Development and validation of machine learning models to predict 30-day mortality in patients with cardiac arrest complicated by acute kidney injury.

Meng Yuan, Lei Zhong, Jie Min, Mingxia Ni, Yufeng Yao

一句话结论 · In one sentence

The LASSO-LR model offers a modest but statistically significant improvement over conventional scoring systems for predicting 30-day mortality in patients with CA and AKI, with acceptable calibration and interpretability. However, the clinical meaningfulness of this incremental benefit requires prospective validation before clinical implementation.
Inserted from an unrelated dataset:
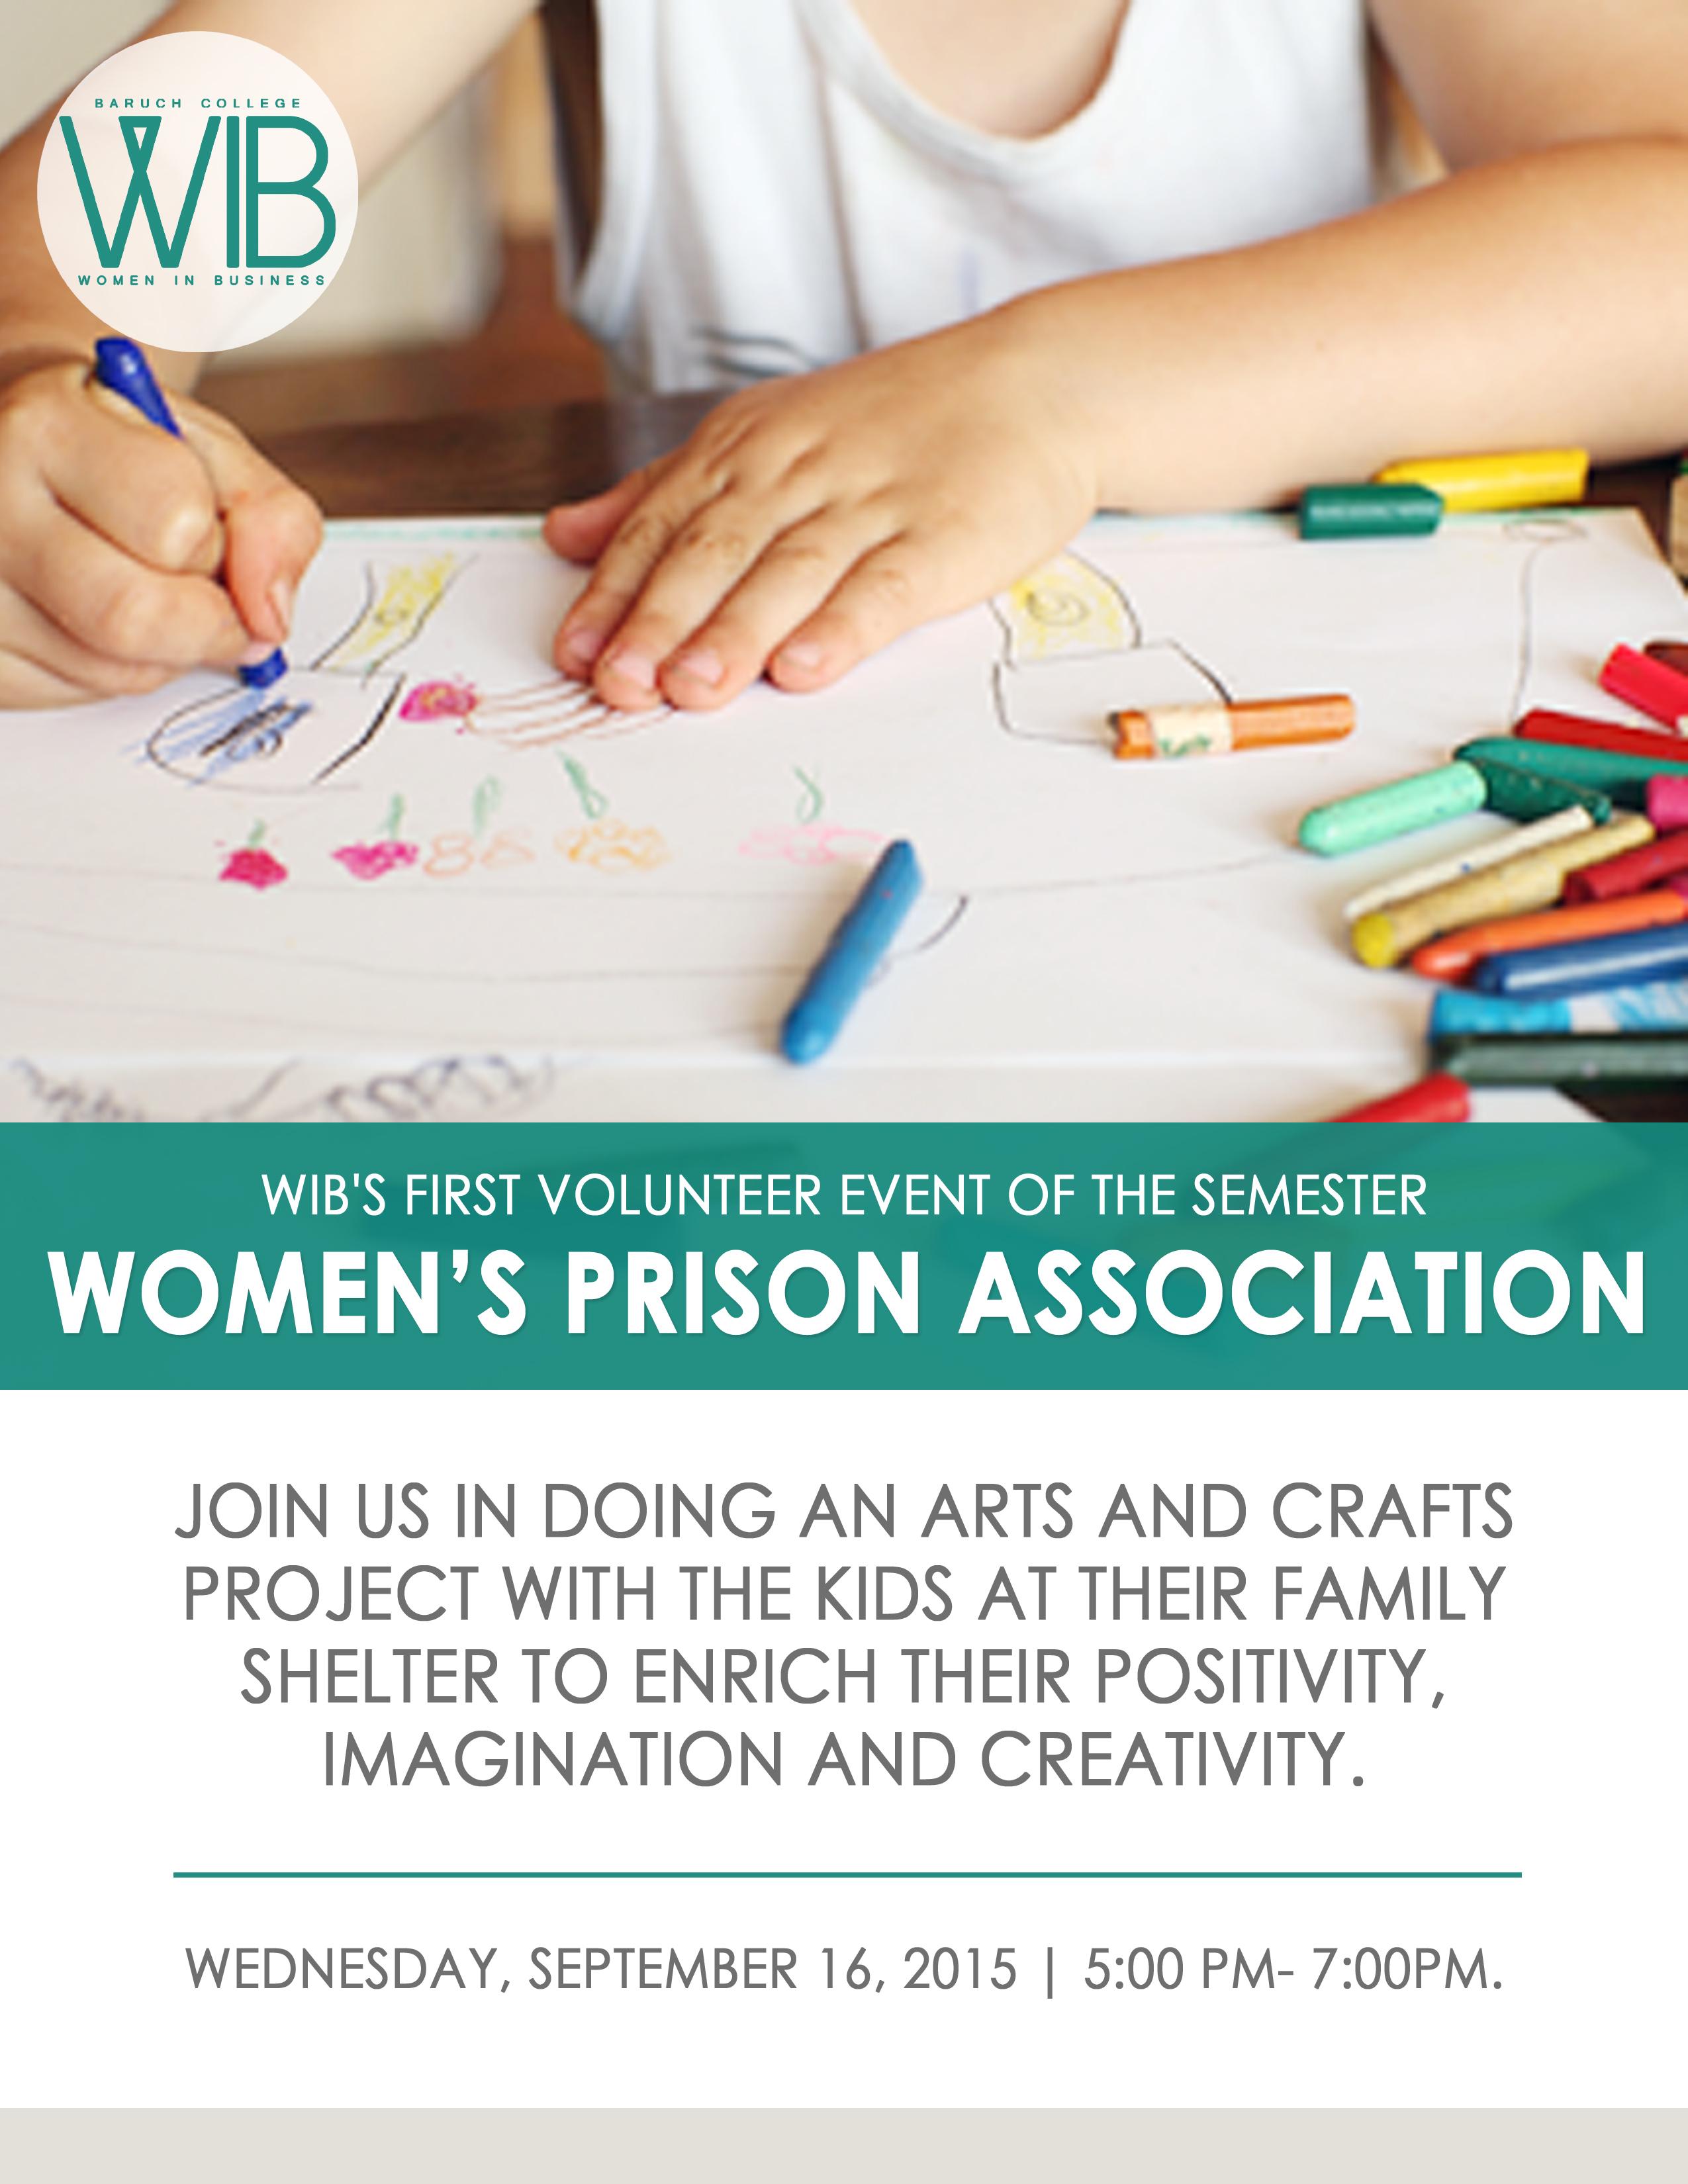 Women's Prison Association

原始摘要(英文原文)· Original abstract
BACKGROUND: Cardiac Arrest (CA) often leads to Acute Kidney Injury (AKI), presenting a major health issue. This study aims to develop and validate machine learning models predicting 30-day mortality in CA patients with AKI. METHODS: A retrospective study was conducted on 1,121 adult ICU patients diagnosed with CA and AKI using data from the MIMIC-IV database. Data from 2008‒2016 (n = 900) formed the training cohort, while 2017‒2019 data (n = 221) served as the temporal validation cohort. Feature selection utilized LASSO regression, followed by the application of six machine learning algorithms. Model performance was evaluated using ROC curves, calibration curves, and decision curve analysis, with comparisons made against the APACHE II and SOFA scores. RESULTS: Seven key features were identified, namely, APACHE II score, lactate, anion gap, RDW, oliguria, norepinephrine, and temporary pacemaker implantation. The LASSO-Logistic Regression (LASSO-LR) model demonstrated the most stable performance in validation (AUROC = 0.751), significantly outperforming APACHE II (0.583, p < 0.001) and SOFA (0.660, p = 0.009), with a Brier score of 0.209. SHAP analysis revealed oliguria and RDW as the most significant predictors. CONCLUSIONS: The LASSO-LR model offers a modest but statistically significant improvement over conventional scoring systems for predicting 30-day mortality in patients with CA and AKI, with acceptable calibration and interpretability. However, the clinical meaningfulness of this incremental benefit requires prospective validation before clinical implementation.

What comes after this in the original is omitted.